UAE banks are beginning to phase out traditional one-time passwords sent via SMS or email, replacing them with in-app transaction approvals aimed at improving speed and security.
The move comes as financial institutions respond to a rise in phishing attempts, SIM-swap scams and OTP interception, which have made text-based verification increasingly vulnerable.
Under the new system, customers authorise card payments directly inside their banking apps using push notifications and built-in security features such as biometric authentication or smart pass PINs. This keeps the entire approval process within a secure, bank-controlled environment rather than relying on external messaging channels.
As previously reported by Khaleej Times, Emirates NBD is among the banks that have started replacing OTPs with app-based verification. Instead of receiving a code by SMS, customers are prompted to approve transactions through the ENBD X mobile app. A recent transaction review shows how the new process works in practice.
How the new approval system works
Step 1: Authorisation prompt
After entering card details for an online payment, customers no longer see an OTP request.
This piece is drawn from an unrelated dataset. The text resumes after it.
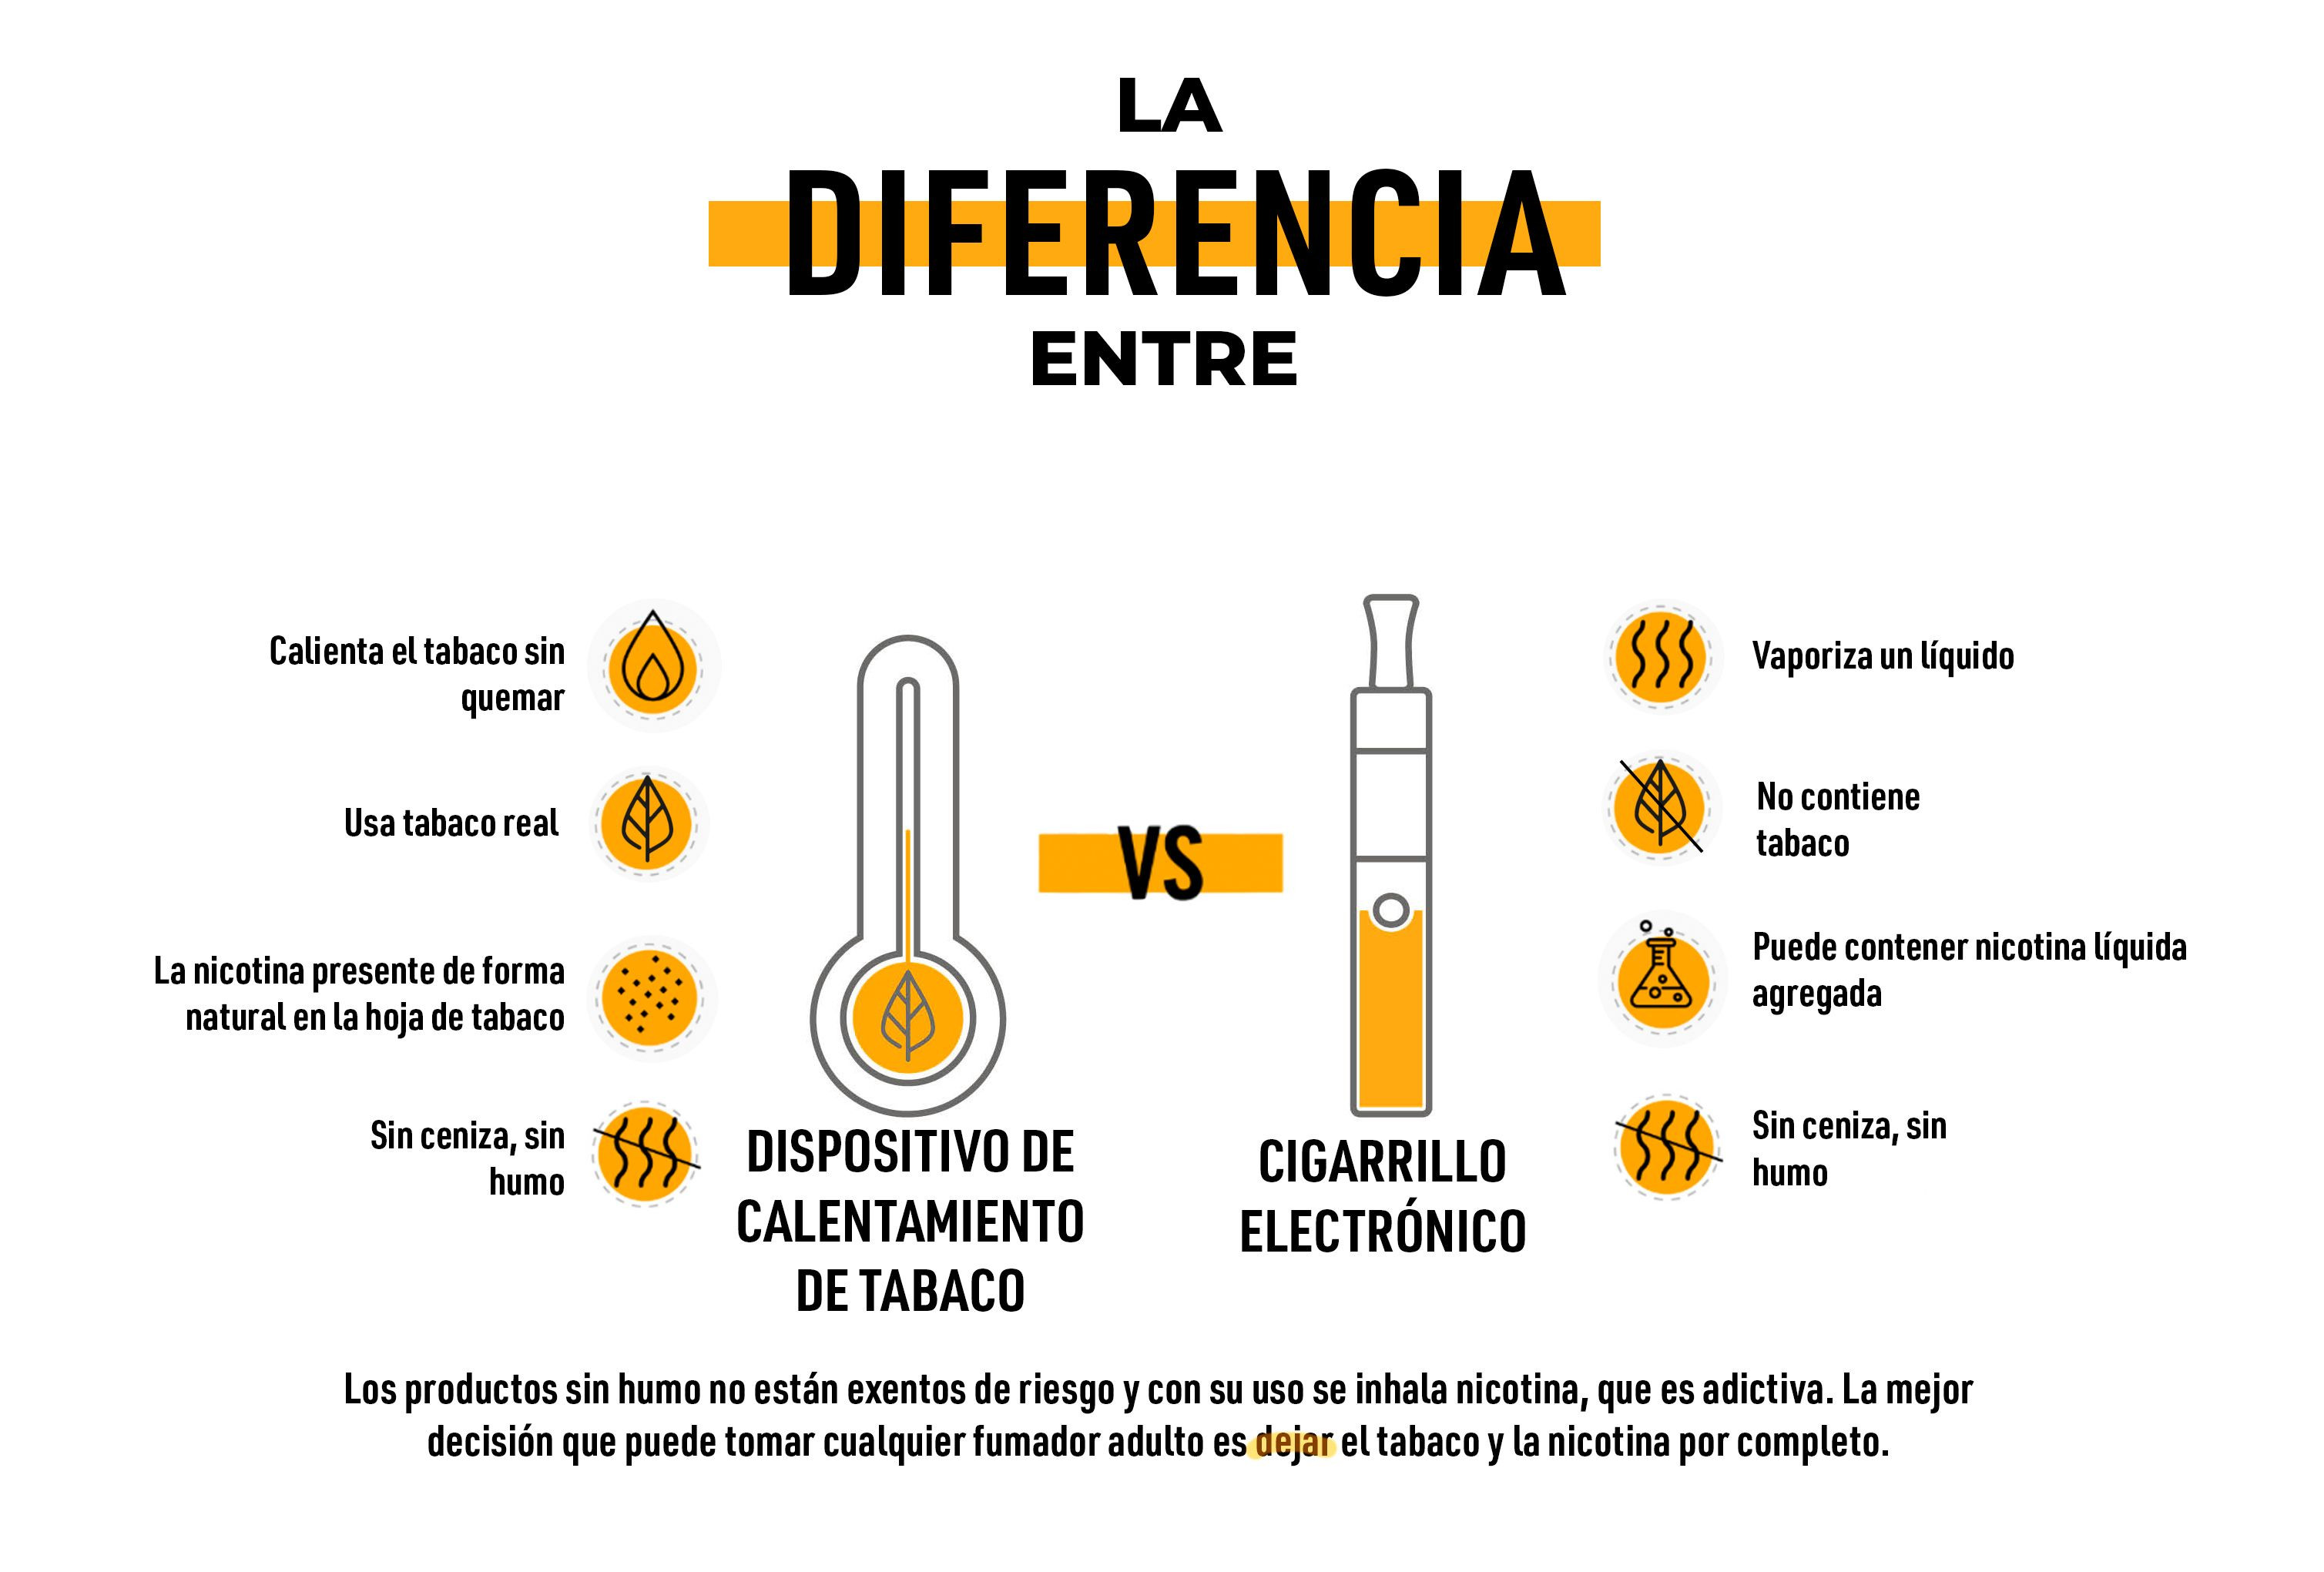 Infografía sobre la diferencia entre los dispositivos de calentamiento de tabaco y el cigarrillo electrónico / PHILIP MORRIS 
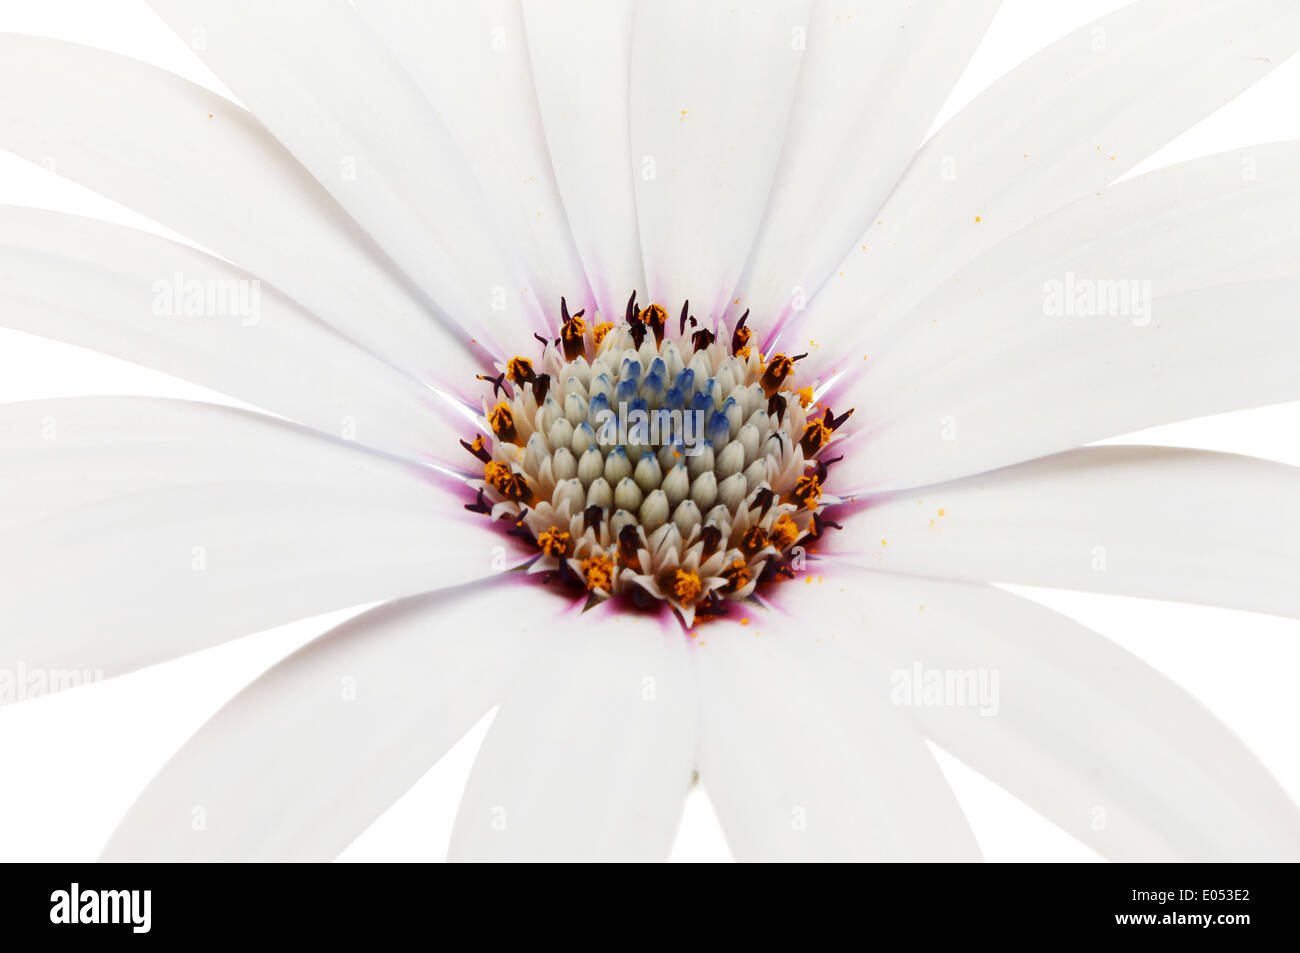 Closeup of the center of an osteospermum flower Stock Photo

Instead, a message appears on the payment page asking them to authorise the transaction through their bank’s mobile app.
At the same time, an SMS alert is sent advising that a card payment requires confirmation and directing the customer to log in to the ENBD X app and visit the Activities section.
Step 2: Pending payment alert
Once logged into the app, customers receive a notification indicating that there is a pending online card payment awaiting review.
Step 3: Review and verify
Tapping the alert opens an “Authorise transaction” screen. Customers are prompted to carefully check the payment details, including the merchant name and transaction amount. Clear options are provided to approve or decline the payment, along with a two-minute countdown timer showing how long the request remains valid.
Step 4: Final approval
If the customer approves the transaction, the app requests a smart pass PIN or biometric verification. Once confirmed, the payment is completed instantly, with no OTP required or shared.
What customers should expect
The transition away from OTPs is being implemented in phases. From July 25, UAE banks began discontinuing SMS and email OTPs for selected digital and card transactions. During the rollout period, customers may still encounter a mix of authentication methods depending on the bank, transaction type and channel.